Original New York cheesecake



¿Alguno de vosotros recuerda la serie "Las chicas de oro"? En todos los episodios sus protagonistas acababan comiendo tarta sentadas en la mesa de la cocina y daba igual la cantidad de tramas enrevesadas y rocambolescas hubiesen vivido a lo largo del día, ya de noche y en pijama todo se arreglaba en torno a alguna delicia que siempre tenían a mano en el frigorífico.
Así que en lo que a mi respecta y haciendo esa filosofía propia, no hay problema cotidiano que no pueda ser solucionado con una porción de tarta (en mi caso de queso), o al menos así me gusta pensarlo.

Llevan siendo muchos los años que soy fan de la New York cheesecake y aún así jamás me había dado por intentar llevar a cabo esta receta.
Entre nosotros, nunca se me había dado demasiado bien la cocina; el motivo era tan sencillo como que no me gustaba cocinar y cuando no le pones amor a lo que haces rara vez el resultado es bueno.
De repente un buen día eso cambió. Convivir con una persona que ha aportado no solo más luz a mis días, sino también a mi hogar ha hecho que mi interés por muchas cosas que nunca intenté de repente despertase. Cocinar es una de ellas y hacerlo en familia cada día me está aportando más de lo que nunca imaginé.
A veces una solo necesita las palabras de ánimo acertadas procedentes de la persona correcta para atreverse a hacer lo que hasta ese momento nunca nos había llamado la atención. ¿Como no me iba a atrever entonces con la receta original de mi tarta favorita en todo el mundo ahora que los planetas se habían alineado a mi favor? 
¡El resultado ha sido infinitamente mejor de lo que esperaba!

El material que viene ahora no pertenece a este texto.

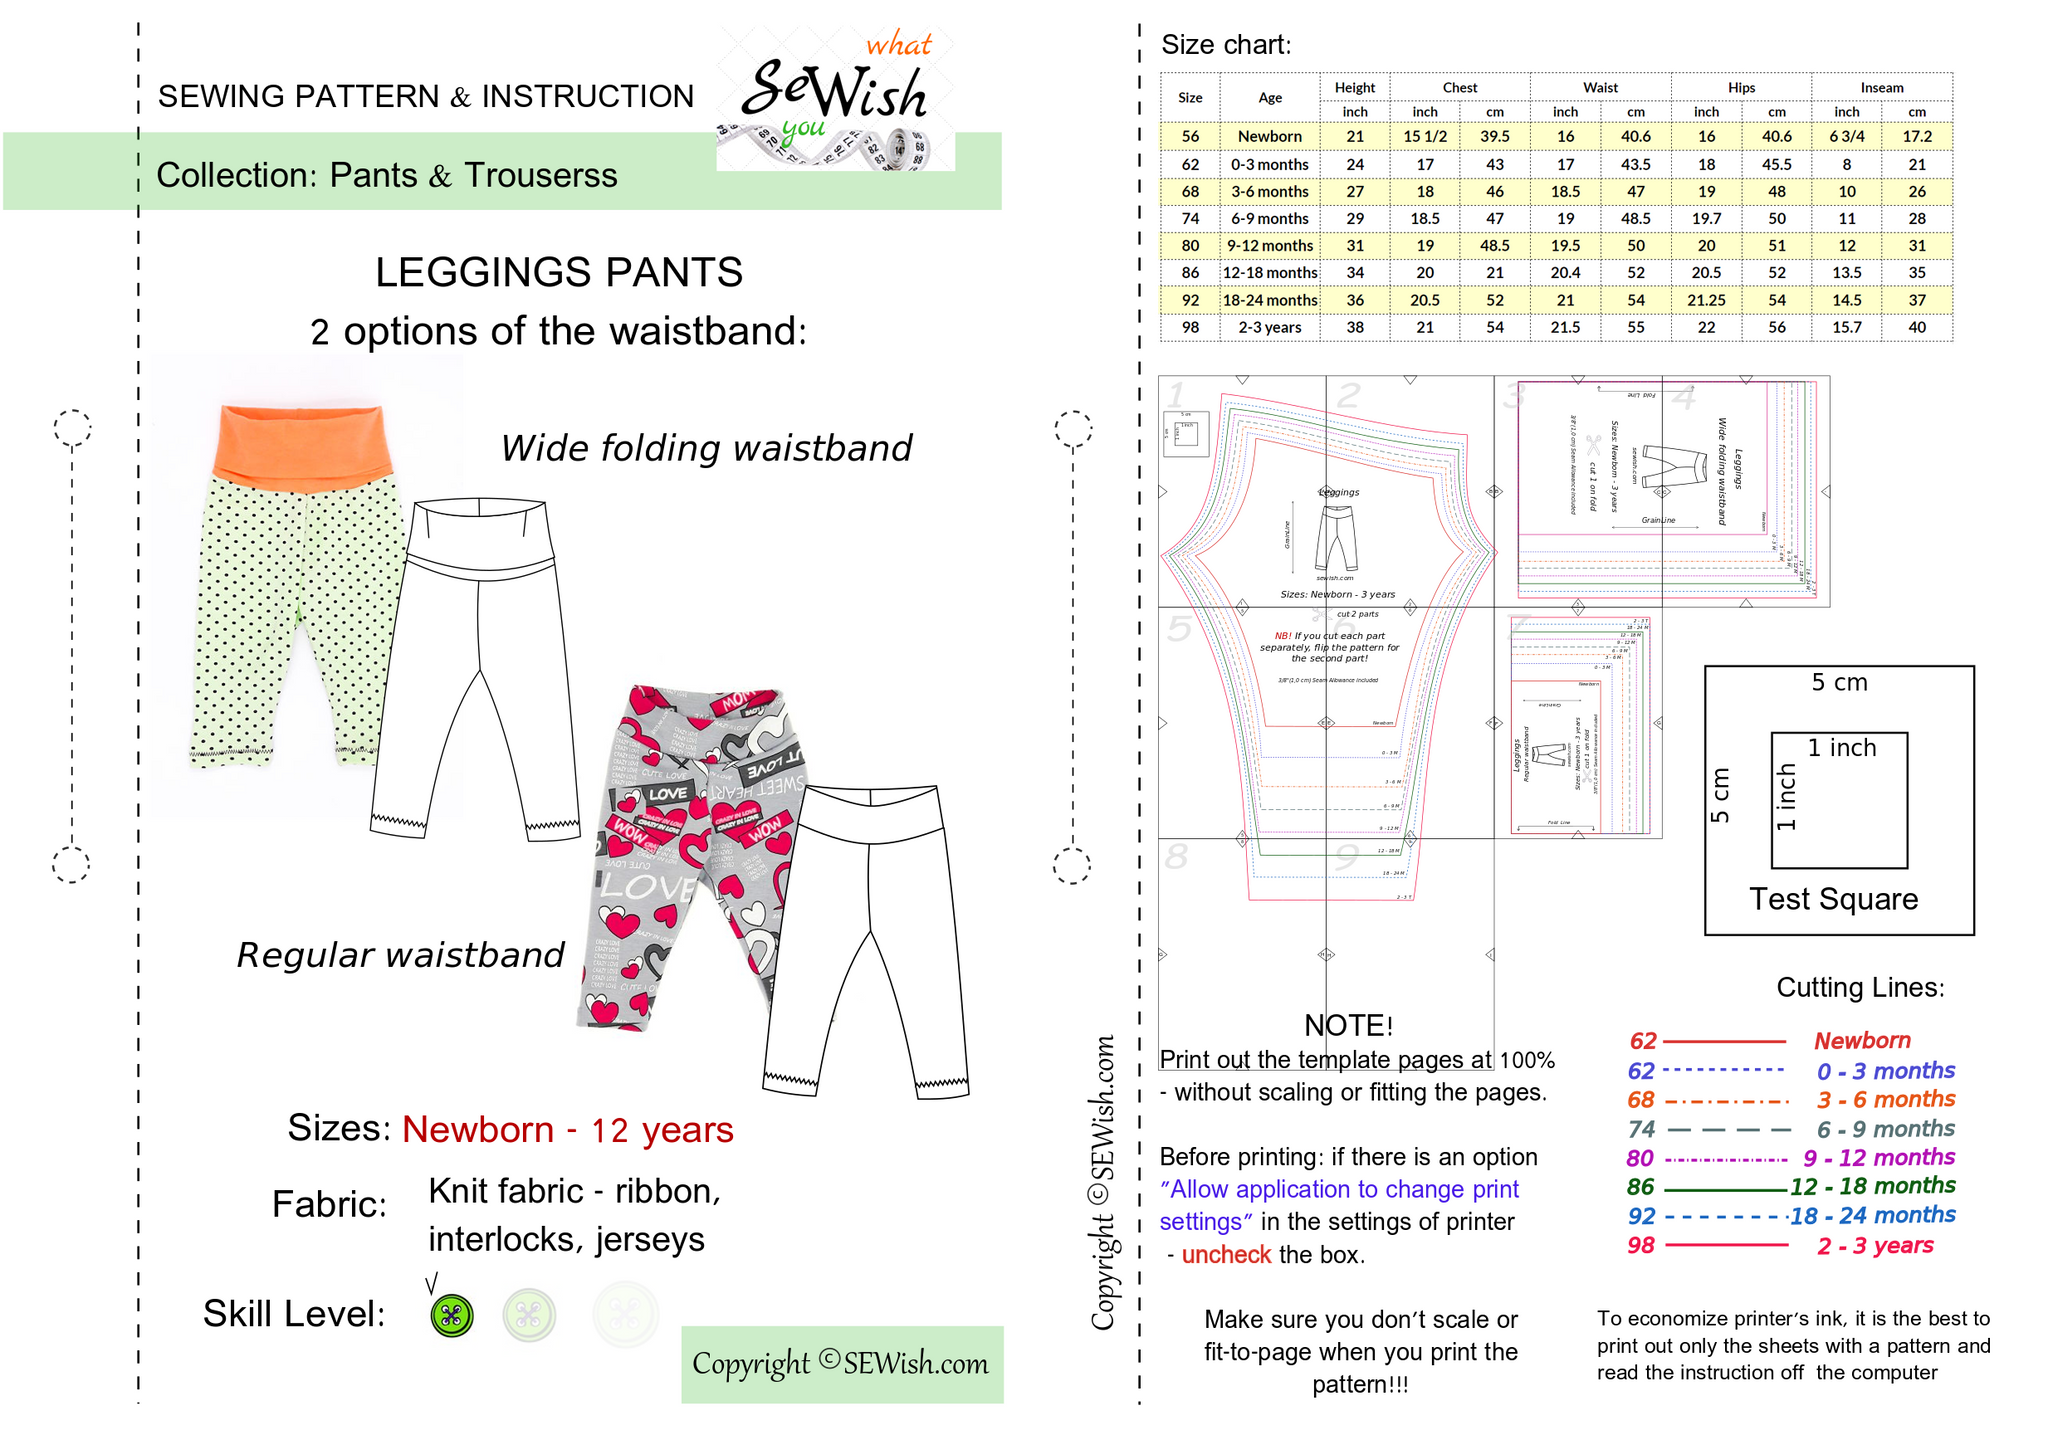 Women's Leggings Block PDF Sewing Pattern Size XS 6X Plus Size
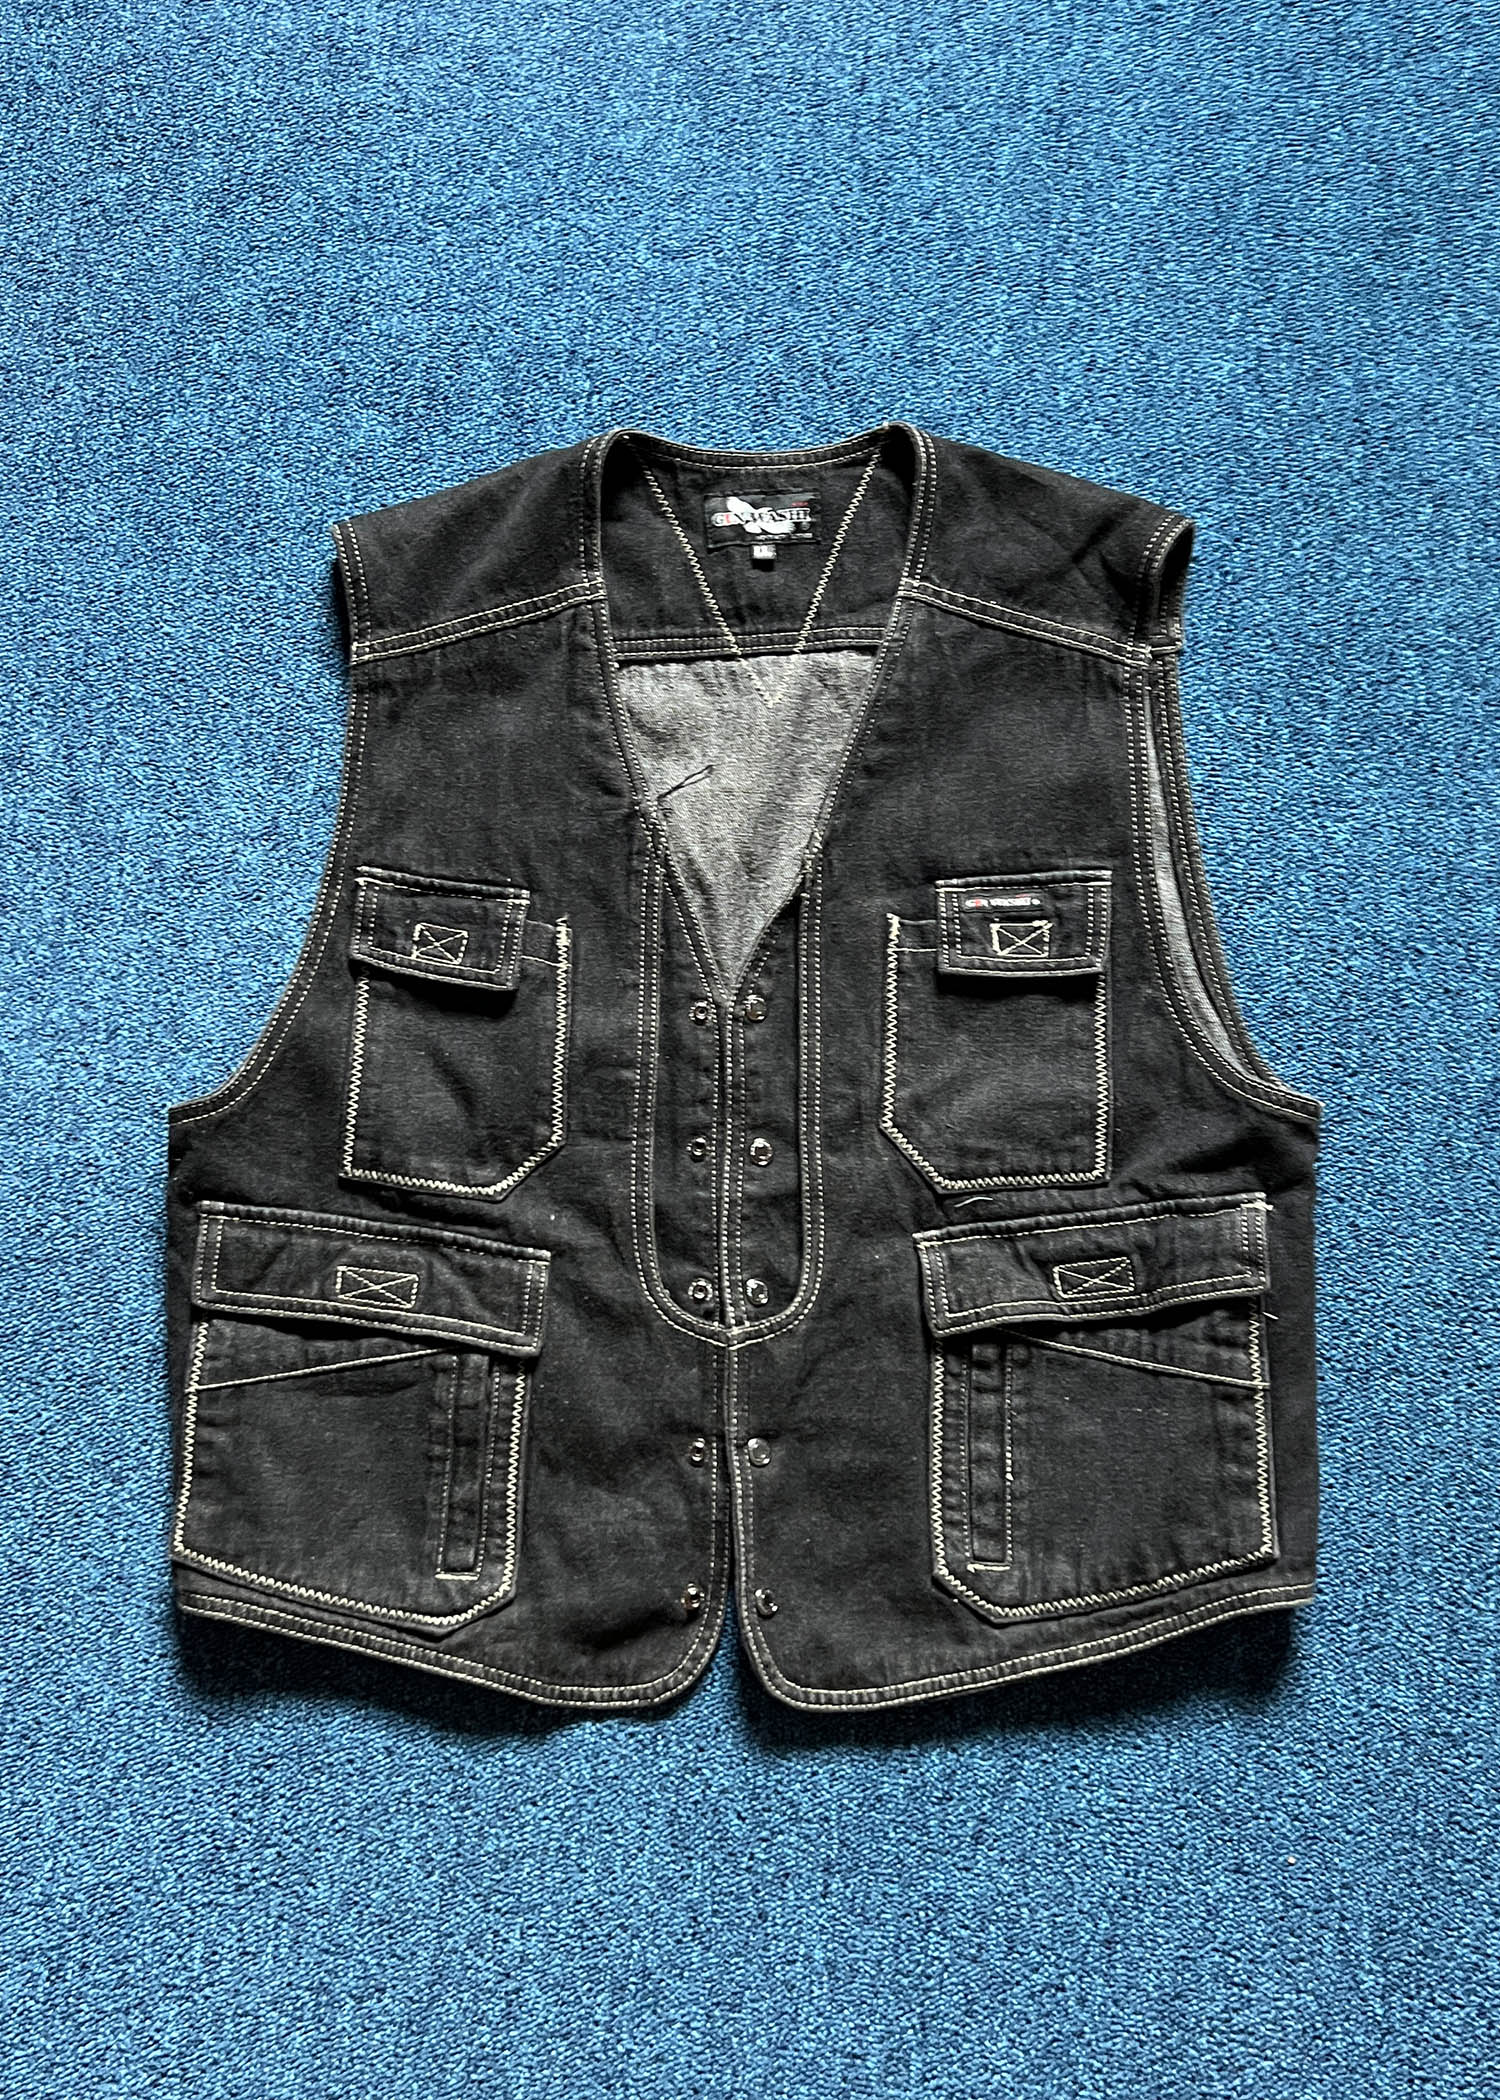 vintage work vest

Sobre todo para ser la primera tarta que hago en mi vida y que probablemente no será la última.
Los ingredientes son fáciles de conseguir, 1 paquete de galletas, una pizquita de canela, nuez moscada y mantequilla fundida para la base. 250 gr. de azúcar, 3 huevos, 1 cucharada de harina, 350 gr. de queso crema, 200 gr. de nata liquida y una cucharadita de extracto de vainilla para la tarta. Batir muy bien y verter sobre la base de galletas previamente puesta en la tartera. Meter al horno entre 45/50 minutos. La elaboración no tiene ningún misterio, eso sí, tras sacarla del horno dejadla enfriar a temperatura ambiente y después meterla en el frigorífico hasta el día siguiente.  Ah! la mermelada ponedla justo antes de servirla, no antes. Nosotros hemos decidido acompañarla con batido casero de vainilla y leche de almendras y del cual en futuros posts también daré la receta. 
La textura y el sabor de la New York cheesecake son de lo más suaves y sin dudarlo os la recomiendo y animo a que si tenéis un hueco y os apetece, la hagáis.